Ciężko jest powrócić do dobrych nawyków, kiedy wciąż ma się przeszkody przed sobą.

Dziękuję wam wszystkim za miłe słowa, bardzo wiele dla mnie znaczą. Teraz już wiem czego mi brakowało jak nie zaglądałam tutaj, Was Kochane Dziewczyny, Waszych ciepłych słów i wsparcia.
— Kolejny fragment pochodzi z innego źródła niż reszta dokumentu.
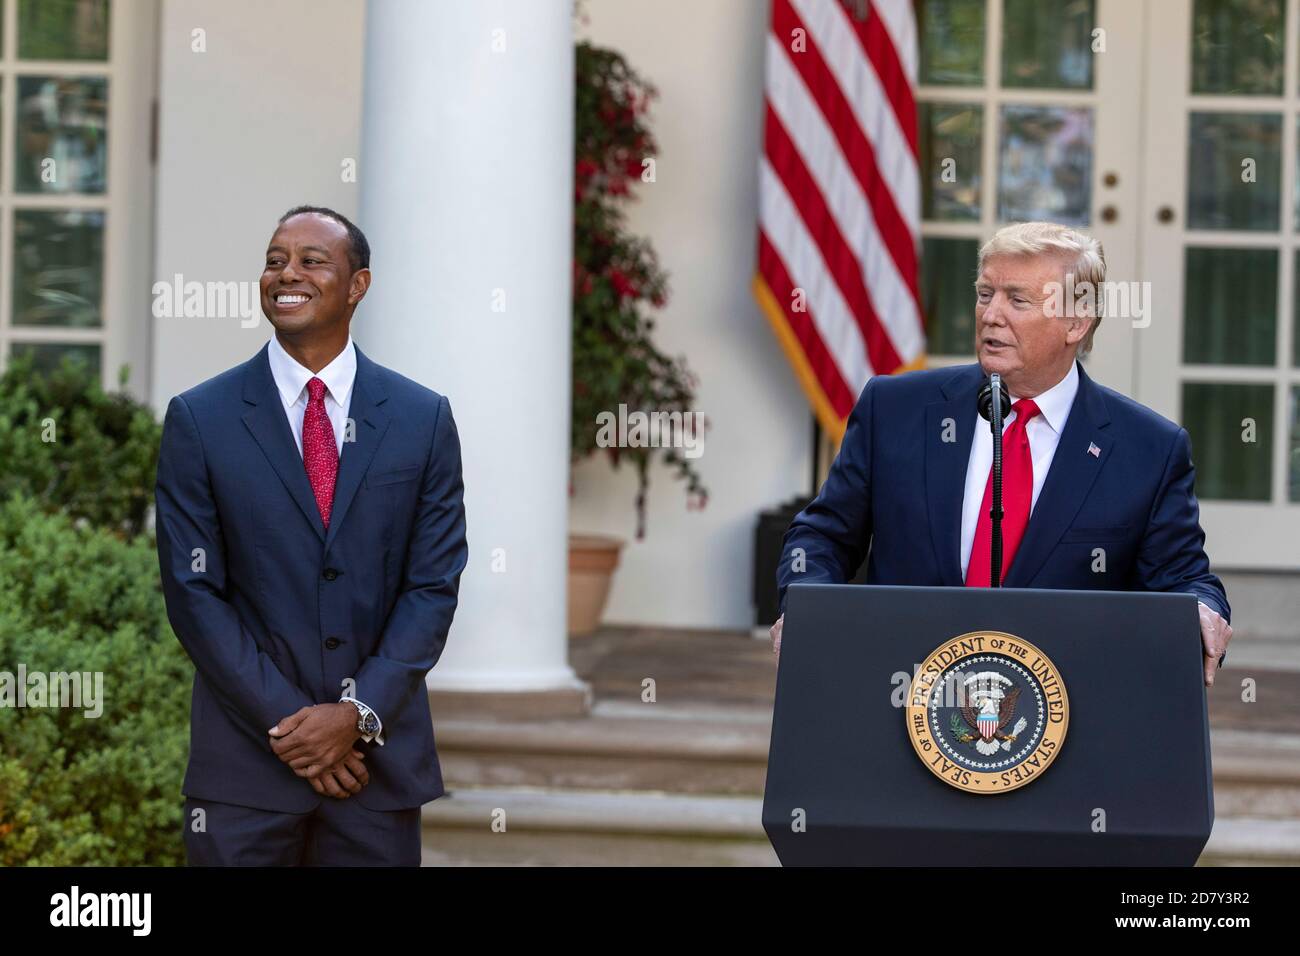 U.S. President Donald Trump delivers remarks before presenting the Presidential Medal of Freedom to Golfer Tiger Woods in the Rose Garden of the White House in Washington, D.C. on Monday, May 6, 2019. The Presidential Medal of Freedom is the highest honor a U.S. President can bestow on a civilian. Credit: Alex Edelman/The Photo Access Stock Photo

Jeszcze raz dziękuję.

Wczoraj byłam na ćwiczeniach, zmęczona i szczęśliwa wróciłam do domu.
Dziś mam trening z trenerką, mam nadzieję, że dam radę  - oczywiście, że dam radę...

Mama wciąż ma do mnie pretensję, że w tygodniu chodzę na ćwiczenia, a nie w weekendy. Ale prawda jest taka, że ja w weekendy mam sporo innych zajęć. Mnie osobiście bardziej prasuje tydzień pracy. Nie wiem jak to rozwiązać.
Pogoda też nie nastraja do radości bo za oknem pochmurno i pada deszcz - inaczej mówiąc pogoda depresyjna. 

Nie, nie, nie... przecież ja zawsze taka zadowolona i szczęśliwa. Nie chcę być smutna i nie lubię być smutna, ale nie umiem sobie poradzić z z tym przygnębieniem, kiedy jestem w domu.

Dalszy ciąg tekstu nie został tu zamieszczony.